Клеман укоризненно посмотрел на Каську. Зачем Ирене всю эту мерзость слушать?
— А потом выяснилось, что Стефан меня сюда и отправил. И глаз, получается, пропал втуне. Можно было не геройствовать.
Ирена кусала губы.
— Лучше сразу умереть, чем даться палачам, — наконец сказала она. — Я много об этом думала. Больше всего боюсь, что духу не хватит нажать на курок. Но так ведь правильнее, да?
— Ирка! — рявкнул Клеман.
— Возможно, — кивнула Катаржина. — Ты иди. Мне с другом твоим поговорить надо.
Ирена удивленно приподняла бровь, но вышла из кельи. Прикрыв дверь, Клеман обернулся к Окаяннице:
— Что ты хоте… Ай, чёрт! За что?!
— За неё. Хочешь играть в войнушку — играй. Но зачем девчонку свою этой грязью мазать?
— Ты с ума сошла, — проговорил он растерянно, дотрагиваясь до разбитых губ.
— Посмотри на меня.
Клеман послушно поднял взгляд.
Каська таращилась на него бесцветными глазами. Вечная ссадина на щеке опять сочилась кровью.
— Посмотри хорошенько. Ты хочешь, чтобы она стала такой?

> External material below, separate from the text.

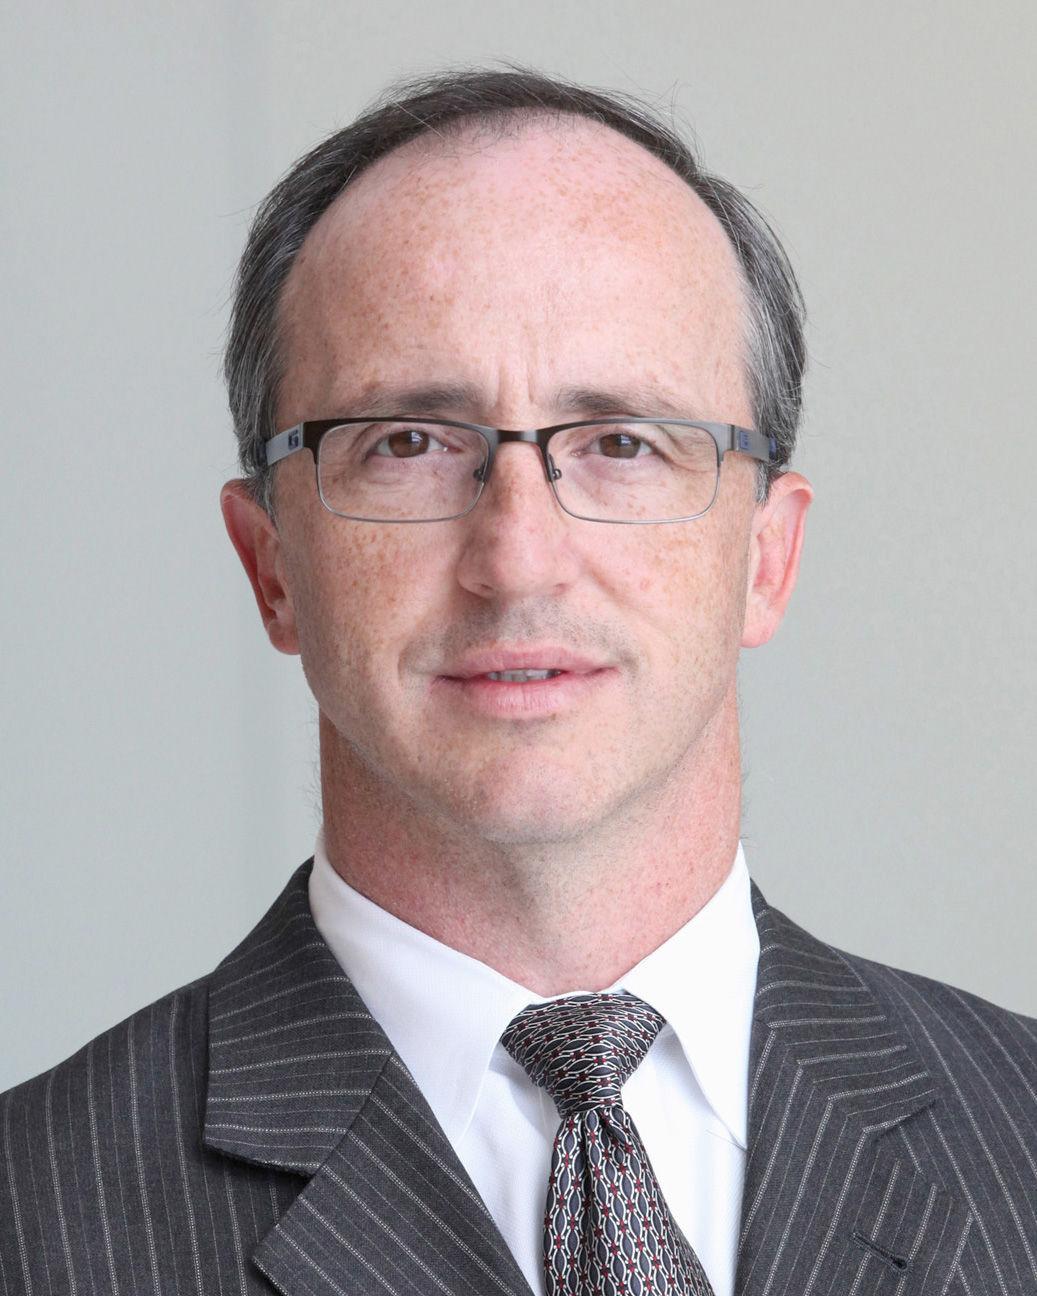 Headshot image for Dr. John Pollina
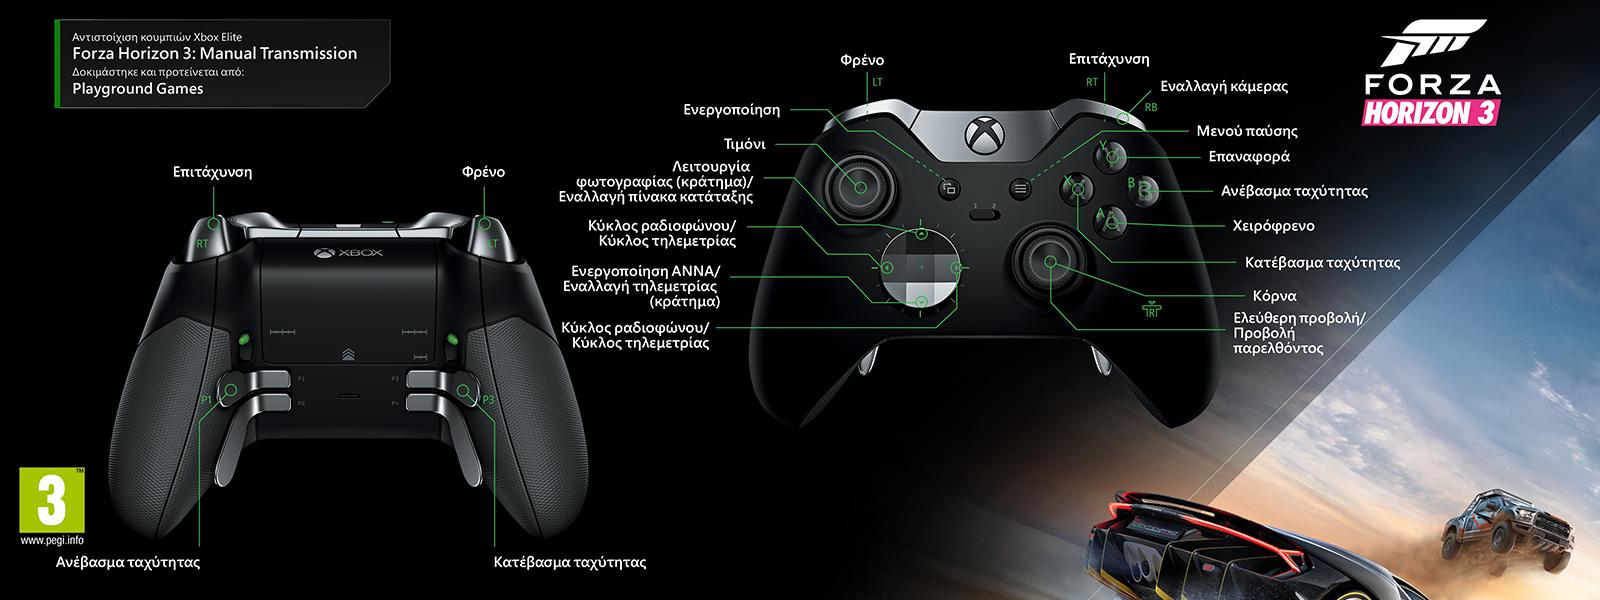 Forza Horizon 3 – Χαρτογράφηση Manual Transmission Elite

— Ты — чудовище! — обиженно выкрикнул Клеман. — А она хочет блага для людей. Она не станет, как ты. Никогда!
— Иди уже, — скривилась Окаянница.
Клеман ожидал, что убежище последнего из Корцевичей будет где-нибудь в предместьях. Однако пролётка, свернув на центральную улицу города, остановилась у аккуратного трёхэтажного особняка.
На входе их осмотрели двое охранников. Ирену, вопреки опасениям Вацлава, пропустили с ними без лишних вопросов. Она поднималась по широкой лестнице, прижимаясь к перилам, чтобы не наступать грязными ботинками на светлую ковровую дорожку, а Клеман угрюмо плёлся следом, пришибленный великолепием «убежища». Сожжённый Каськой театр выглядел едва ли не коровником по сравнению со всей этой роскошью.
Отчего-то вспомнилось, как они всем Братством собирали гроши на выкуп Маркуса под залог. Как Ирена не спала ночами — мастерила шляпки для богатых бездельниц, а сам он — вспомнить стыдно — устроился в добровольческую дружину Жандармерии, следить за порядком на улицах. И ведь не ныли, что плохо и тяжело — мол, раз князь так же страдает, как и мы, так грех жаловаться!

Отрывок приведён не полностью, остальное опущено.